Les croyances, les opinions sont libres pour chacun dans tout le reste de la vie en société, dans la limite de l’ordre public, de la loi commune qui exclut les sévices, le tapage nocturne, l’occupation sans autorisation de l’espace public, etc. En dehors de cette sphère publique officielle définie à l’alinéa précédent, le reste est du domaine de la liberté, dans le respect des autres, que l’on considère comme la sphère privée de chacun, qui ne se limite pas à l’espace confiné de sa maison.

Je considère comme une argutie l’argumentation de l’église catholique qui refuse cette distinction sous prétexte qu’elle interdirait l’expression publique des religions en dehors des églises ou de chez soi. La nécessité d’un troisième espace entre les deux qui serait l’agora de débats publics n’est qu’un moyen de laisser entendre que les religions seraient interdites sur la voie publique, comme si des processions n’obtenaient pas d’autorisation et que les interventions publiques de la religion dans les média n’existaient pas. Cette sphère supplémentaire apparaît comme l’instauration d’un espace polémique, qui ne serait qu’incitation à l’affrontement. Je ne crois pas souhaitable de transformer les rues en champ de débat permanent pour des orateurs « type Hyde Park de Londres ».

Ce n’est pas parce qu’on définirait ce troisième espace public intermédiaire qu’on changerait la réalité de liberté individuelle et religieuse que la laïcité garantit en dehors de la sphère publique institutionnelle définie ci-dessus. Précisons encore que cette neutralité ne concerne que les institutions et services officiels dans leur fonctionnement : les personnels ont d’obligation d’être neutres pendant leur présence en poste. S’ils demeurent libres en conscience, ils doivent appliquer la loi, alors que, dès qu’ils ne sont pas en service, en dehors de leur travail ils n’ont pas d’obligation de neutralité.
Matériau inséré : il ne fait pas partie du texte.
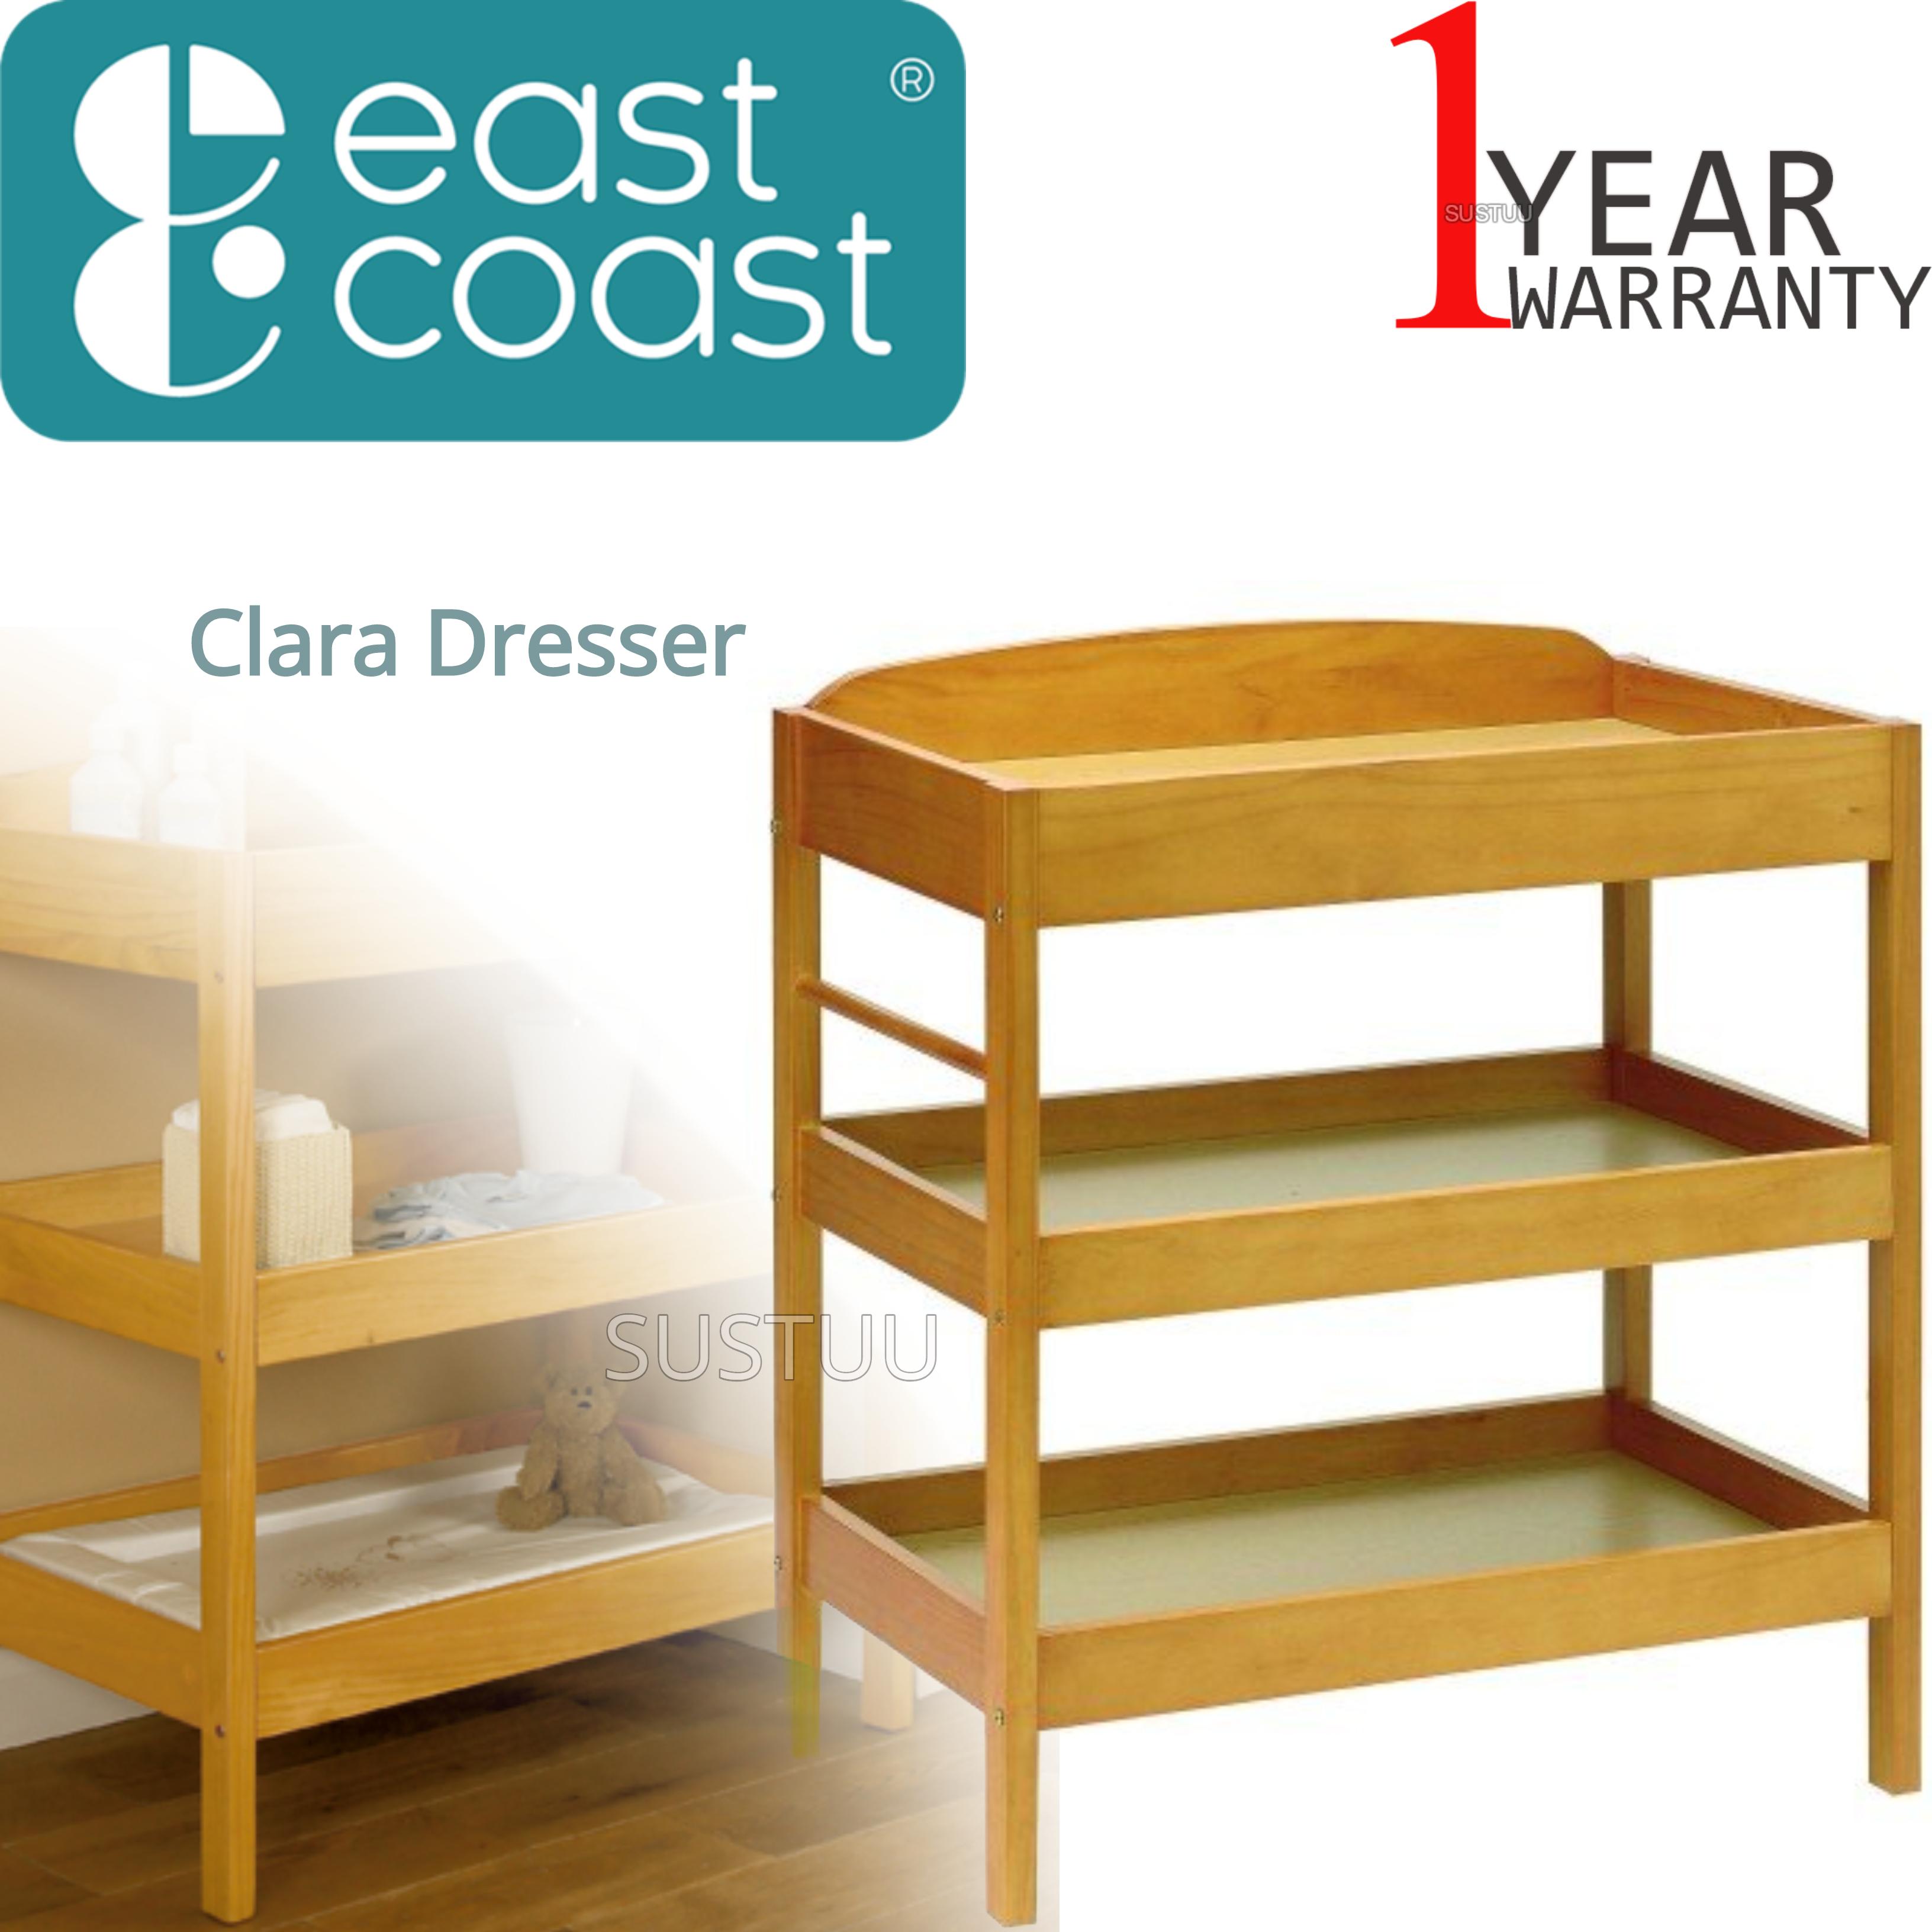 East Coast Clara Dresser   Baby/Kids Storage Shalves/ Table & Towel Rail   Antique

Il n’y a pour moi donc aucune obligation d’ajouter cette troisième sphère intermédiaire pour garantir une liberté qui existe déjà. Vouloir l’instaurer c’est laisser supposer que la liberté n’existe pas dans cet espace public et ceci est très intentionnel. C’est une manière de mettre en cause ce qui fonde la laïcité afin de la débiliter.

A quoi sert la laïcité ? :

Pas à développer les religions car ce ne sont pas les religions qui ont poussé à développer la laïcité, sauf si elles étaient très minoritaires et qu’elles l’invoquent face à celle qui domine et les écrase. Ce n’est que par l’affaiblissement des croyances religieuses, en tout cas dans leur pratique, que la laïcité a pu exister contre une pensée unique religieuse.

La laïcité est un moyen politique de garantir la liberté individuelle de pratiquer une religion, d’en choisir une autre, de ne pas avoir de religion et de vivre malgré cela en bonne harmonie avec ceux qui ont fait un choix différent, tout en les côtoyant dans la vie sociale.

La laïcité exige la démocratie pour exister et elle ne s’épanouit que dans une liberté individuelle que la société laïque permet dans le cadre de la loi démocratique.

La laïcité est un moyen de vivre ensemble dans la diversité des opinions, des origines, des traditions, car la vie sociale qu’elle offre est institutionnellement neutre, tout en évitant l’éparpillement et le cloisonnement du multiculturalisme.

C’est un moyen de ne pas séparer les citoyens dans la vie publique alors qu’ils restent libres de leur vie personnelle, sans cloisonnement communautaire. Elle permet la coexistence pacifique qui manque cruellement dans les sociétés théocratiques.